Note that the IP Address for "eth1" on the same network that the Spring Boot application tries to connect to is

10.0.2.111

and not the IP address 10.0.2.110 that Spring Boot is using.

Q - Why is it that there is a discrepancy in the IP addresses, and how can I get my Spring Boot app to connect to the right IP address?

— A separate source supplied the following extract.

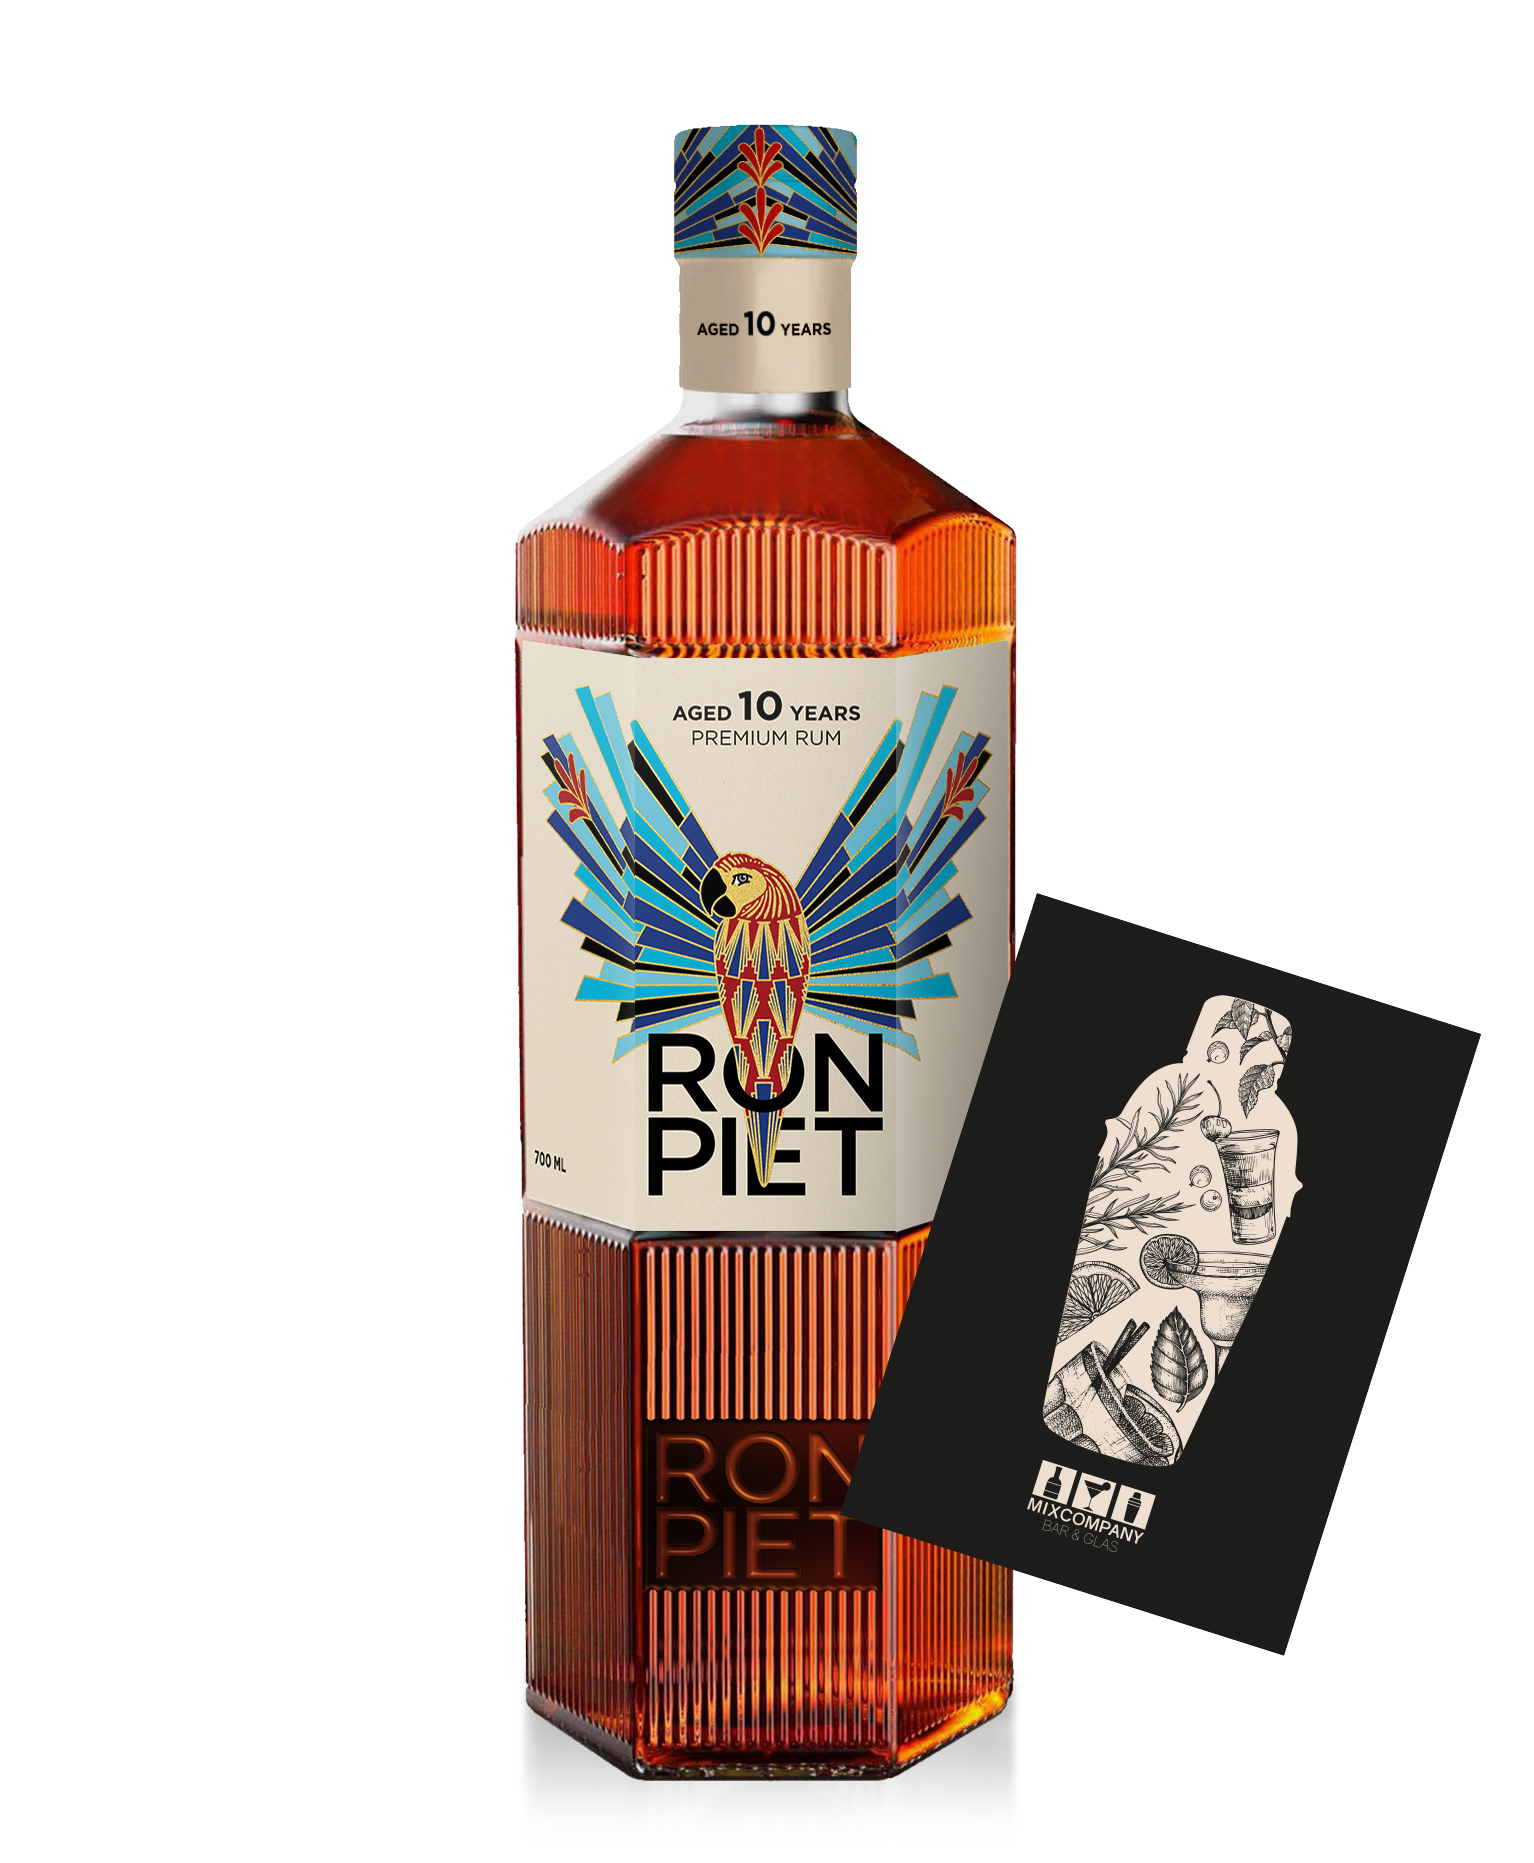 Ron Piet Premium Rum aged 10 years // 0,7L (40% Vol.)- [Enthält Sulfite]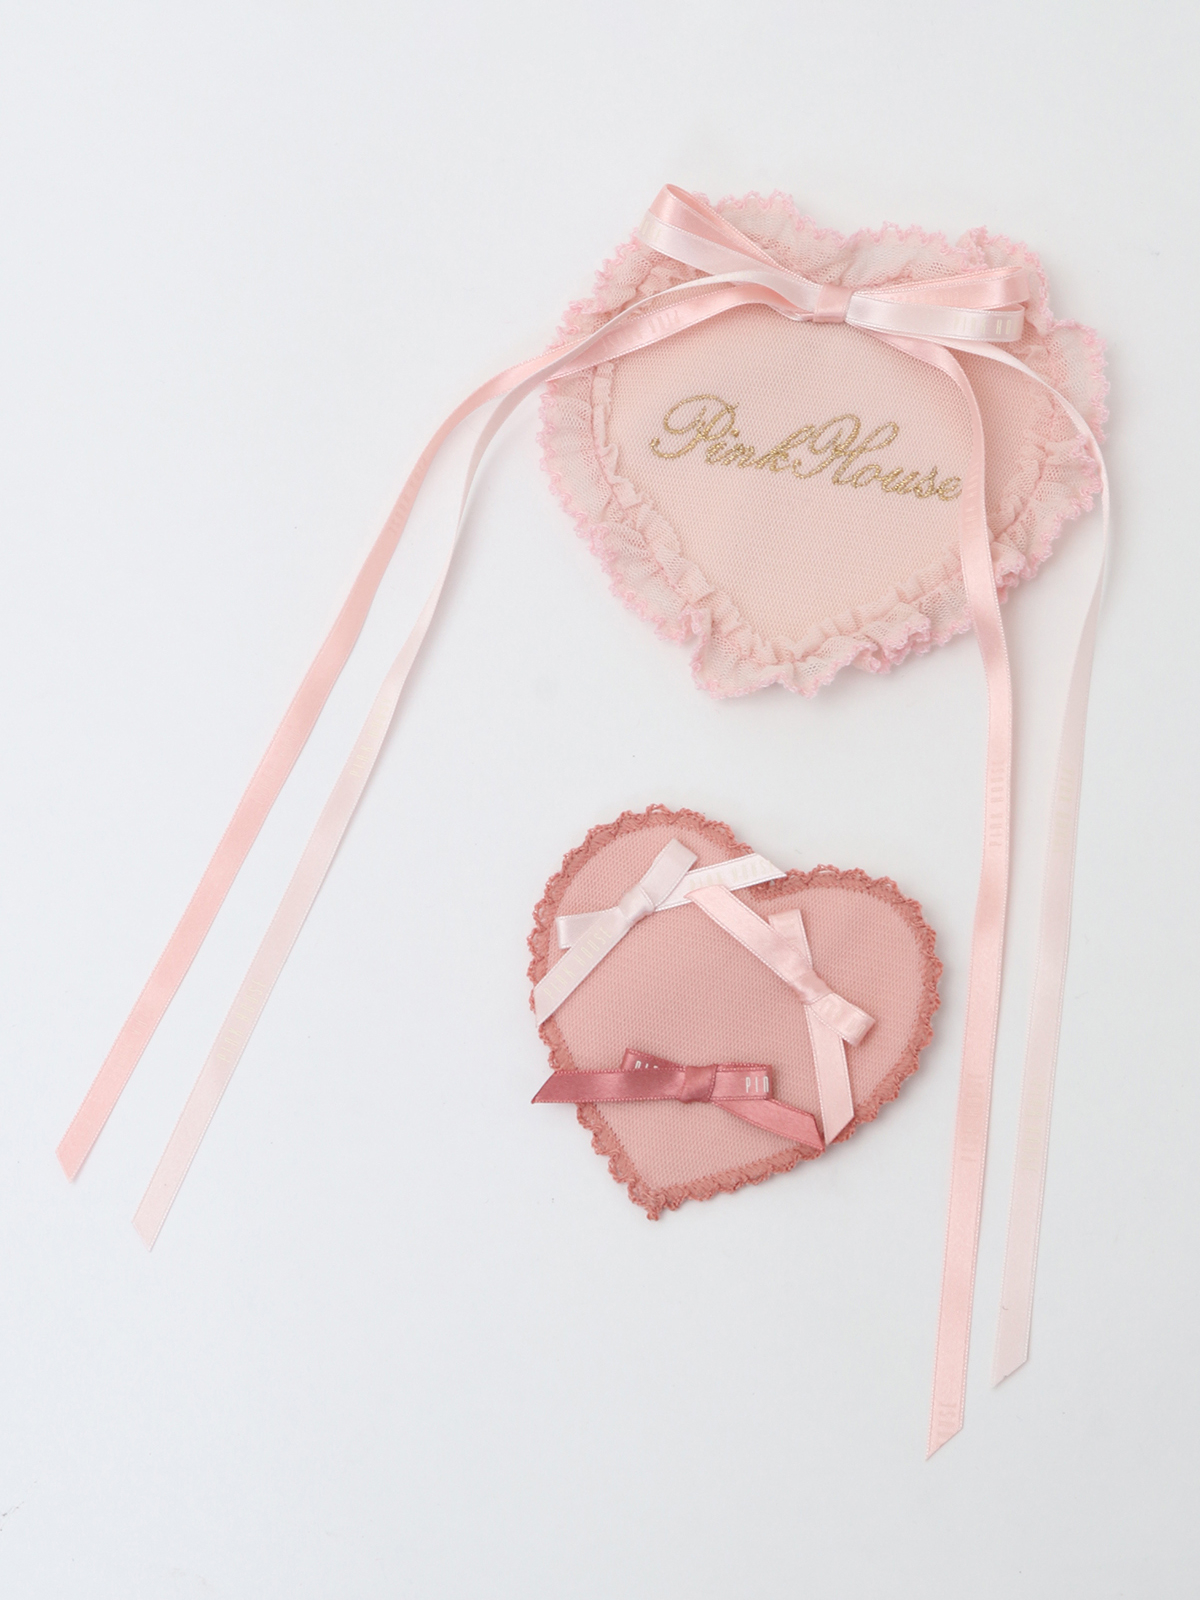 pinkhouse 中国限定款 甜美刺绣蝴蝶结丝带爱心胸针两件套 预约

As additional info, if I run another container, such as an Apache HTTPD container, on the worker node and then shell into it and run

ping consul

PING consul (10.0.2.110): 56 data bytes
64 bytes from 10.0.2.110: seq=0 ttl=64 time=0.189 ms
64 bytes from 10.0.2.110: seq=1 ttl=64 time=0.167 ms

it also sees the 10.0.2.110 IP address and not the 10.0.2.111 IP address that consul is listening on.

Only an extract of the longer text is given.